Epistorm Rt-Estimate Collabathon 2024

September 24-26, 2024

The Epistorm Innovation Center hosted the 2024 Epistorm Rt-Estimate Collabathon in Boston, bringing together experts from government, industry, academia, and NGOs to address a critical public health challenge: real-time estimation of epidemic growth rates. The multi-day event, supported by the CDC's CFA Insight Net initiative, focused on enhancing tools for calculating Rt, the reproduction number, which is crucial for epidemic forecasting.

Approximately 50 participants, including representatives from the California Department of Public Health, Biosecurity by Ginkgo, and 12 research centers and universities from the US, Canada, and the UK, gathered to explore solutions to challenges such as low case counts, data inconsistencies, and the development of innovative real-time estimation tools. This collaborative effort aims to advance the field of epidemic modeling, driving progress toward improved preparedness and response to future health crises.

Key Outcomes

Community Building and Collaboration

The collabathon emphasized collaboration over competition, focusing on building a sustainable user and developer community. Next steps include supporting ongoing tool development and expanding the user base.

Evaluation and Standards Roadmap

Participants highlighted the need for standardized input/output formats for better tool comparison and performance evaluation, despite challenges posed by different Rt estimation techniques. A working group was formed to design benchmarks and diagnostic tools for improving method reliability, even in low-data environments.

Tool Innovation

Discussions led to the development of a new software tool, SummRt, which harmonizes and compares different Rt estimation approaches. Brainstorming also generated ideas for a “matchmaker” script to guide users in selecting the best estimation tool and possibly integrating a chatbot for broader accessibility.

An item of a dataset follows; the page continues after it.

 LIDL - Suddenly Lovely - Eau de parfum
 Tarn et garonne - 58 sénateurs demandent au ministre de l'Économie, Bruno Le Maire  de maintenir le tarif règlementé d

Addressing Practical Challenges

Participants identified gaps like noisy data and reporting inconsistencies. A working group focused on leveraging Julia’s computational strengths for high-performance Rt estimation, while another explored hierarchical models and spatial structures to address real-time data challenges.

Future Directions

Participants supported continued collaboration through project-specific channels, regular progress updates, and white papers. They also emphasized the importance of engaging junior researchers and creating accessible training resources to grow the community.